Татары передвигались по ночам, днем отдыхали. Далеко от степи слышали люди, как по ночам стонала земля. Орда шла на запад, приближаясь к Животову.
Полки гетмана двигались на Волынь, стараясь выйти на рубежи прежде коронного войска. В авангарде гетманской армии шел полк Данилы Нечая.
Мартын Терновый уже успел возвратиться с Дона. Привел он с собой тысячи сабель под началом казацкого атамана Алексея Сторова. Донские казаки с охотой откликнулись на грамоту гетмана. В станицах на Дону говорили:
– Не впервой вместе с запорожцами волю защищать... С ними и на Синоп ходили, и поганых турок били, с ними Азов брали и Кизы-Кермень жгли. И теперь поможем им выгнать шляхту с русской земли...

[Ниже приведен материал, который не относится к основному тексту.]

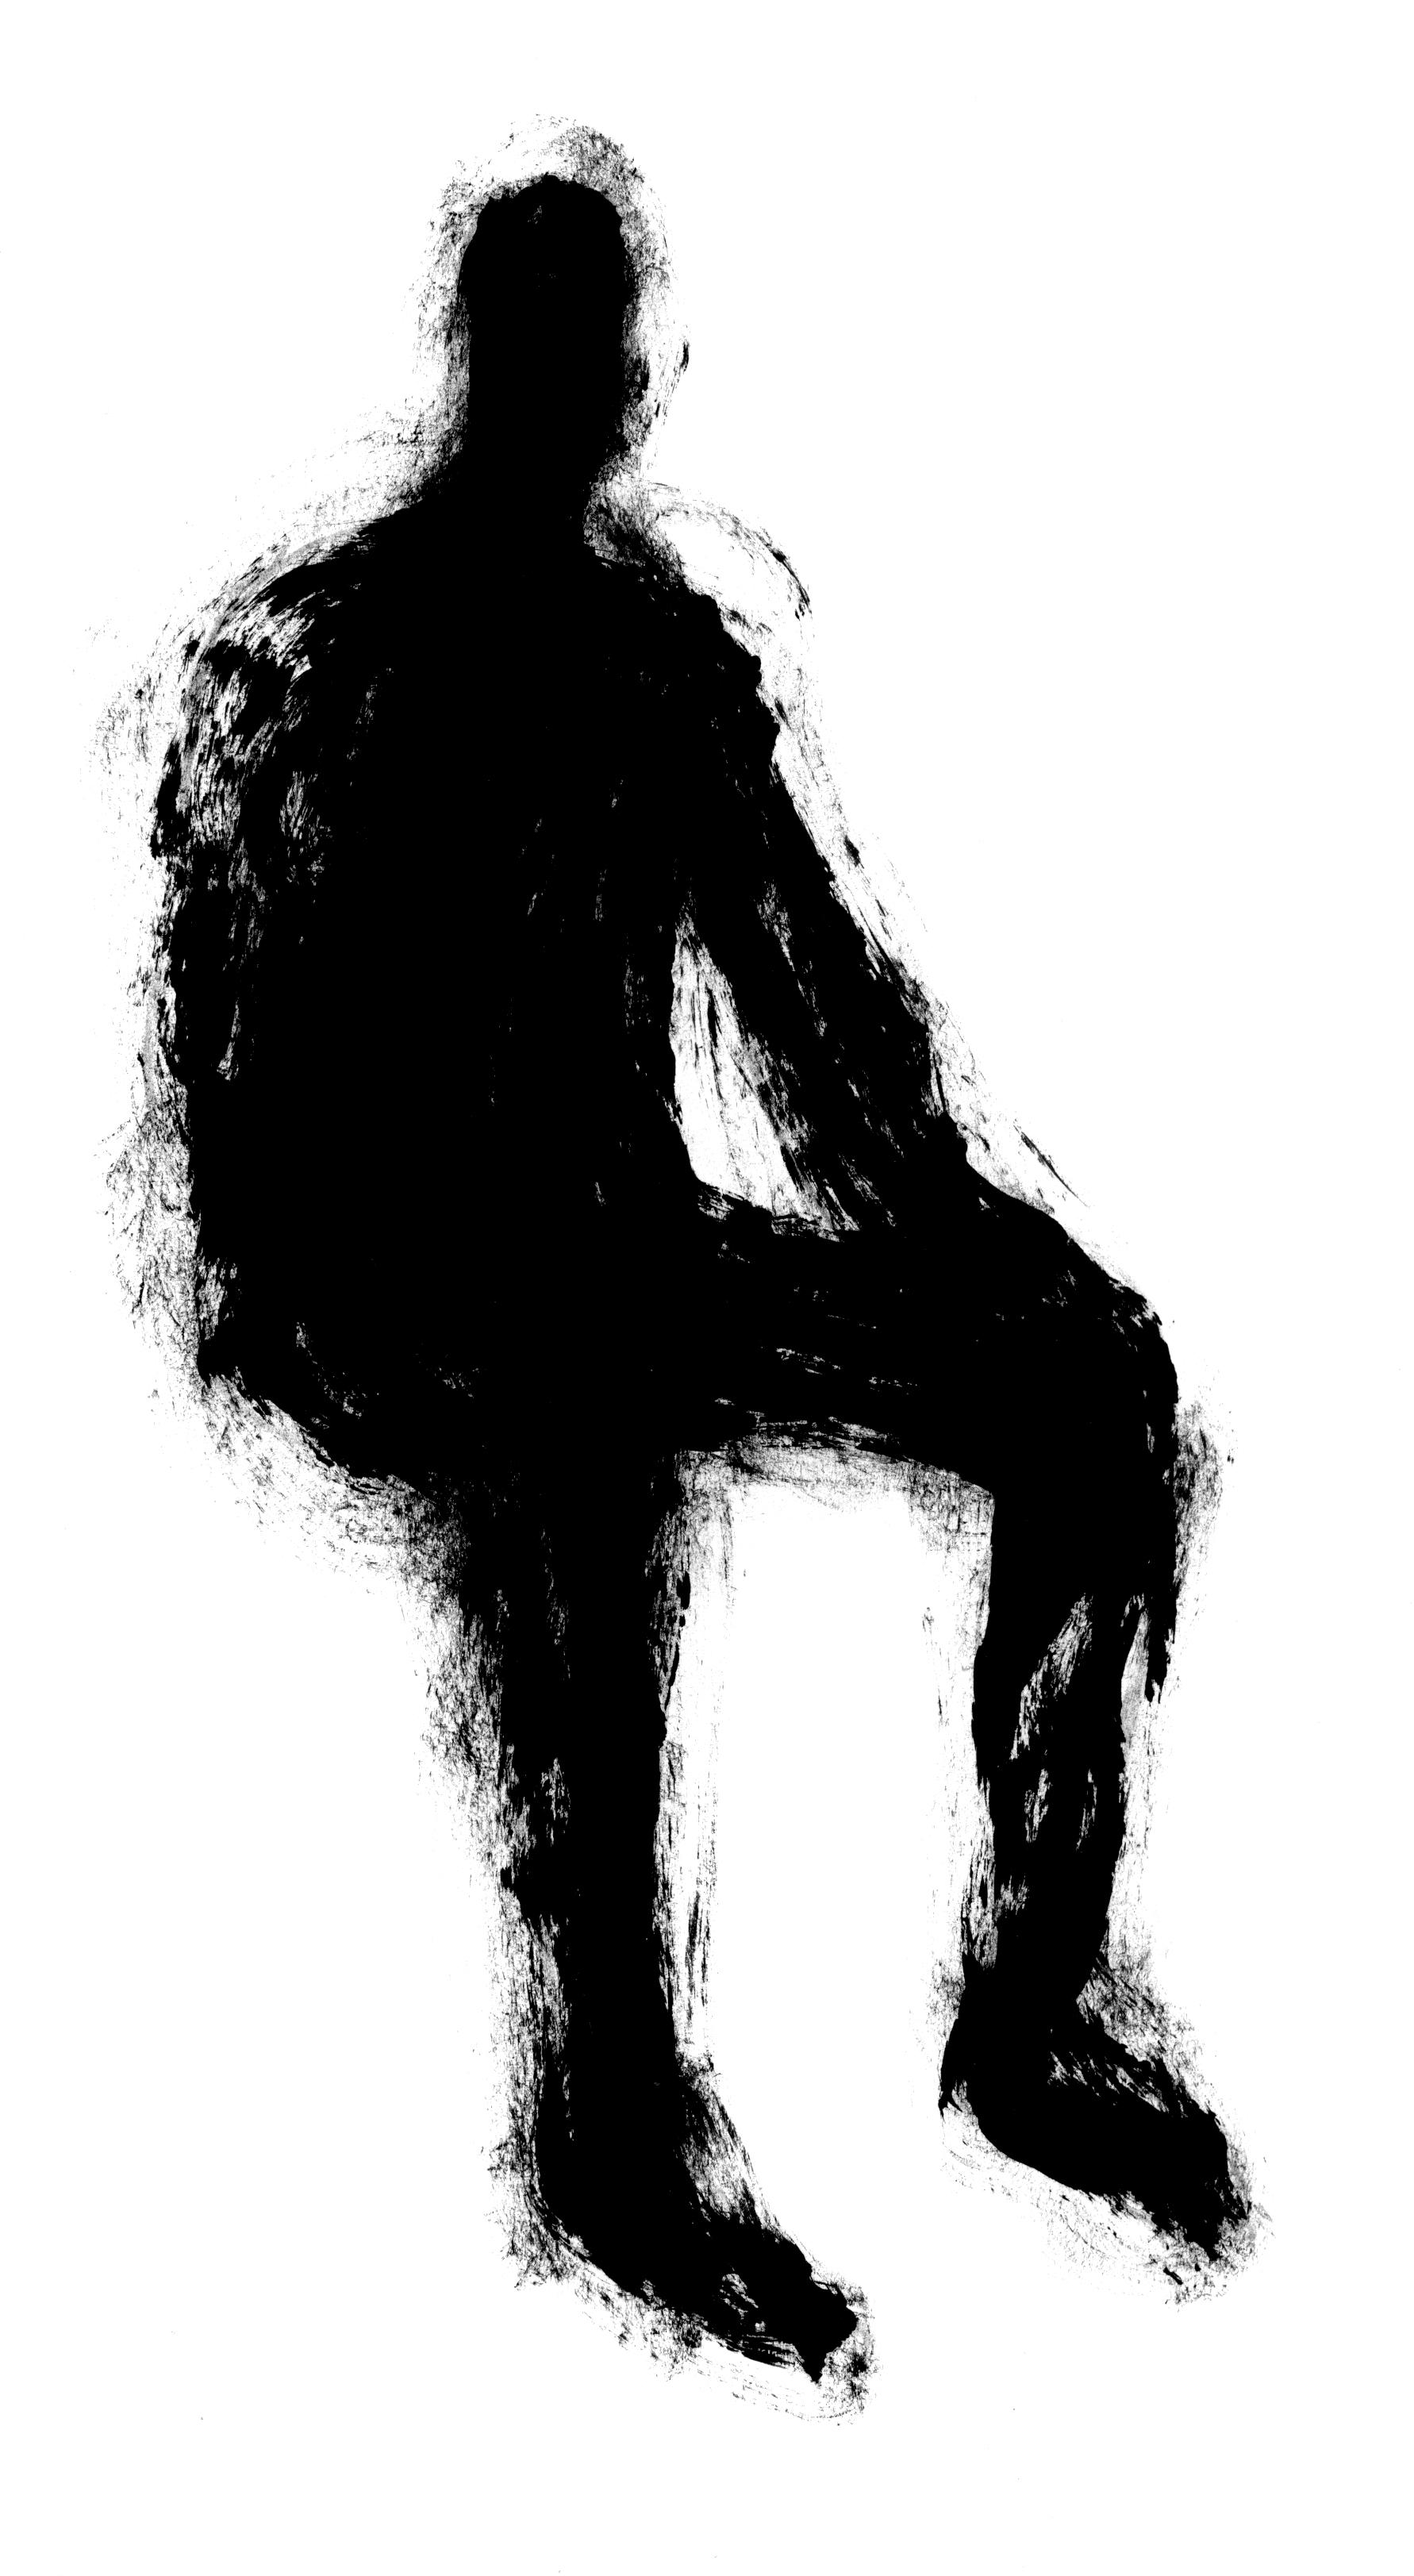 DavidLyonSeated Figure.jpg

В трудный час выдержала испытание старая дружба, рожденная в битвах с чужеземцами. Как и прежде, пришли донцы на помощь украинским казакам. От станицы к станице летела молва: зовут украинские казаки на помощь. И на эту молву всем сердцем откликался Дон.
Из полка Данилы Нечая поехал на Дон вместе с Мартыном Терновым казак Семен Лазнев, в прошлом житель станицы Хоперской.
– Хочу на родине побывать, – попросился он у Нечая.
– Может, навсегда от нас? – спросил Нечай.
– Нет, полковник, от вас уже не уйду. Для меня что Днепр, что Дон – одинаковы стали. Родителей проведаю, а то, может, и не доведется больше повидать. Война не за горами, а где война, там и смерть бывает.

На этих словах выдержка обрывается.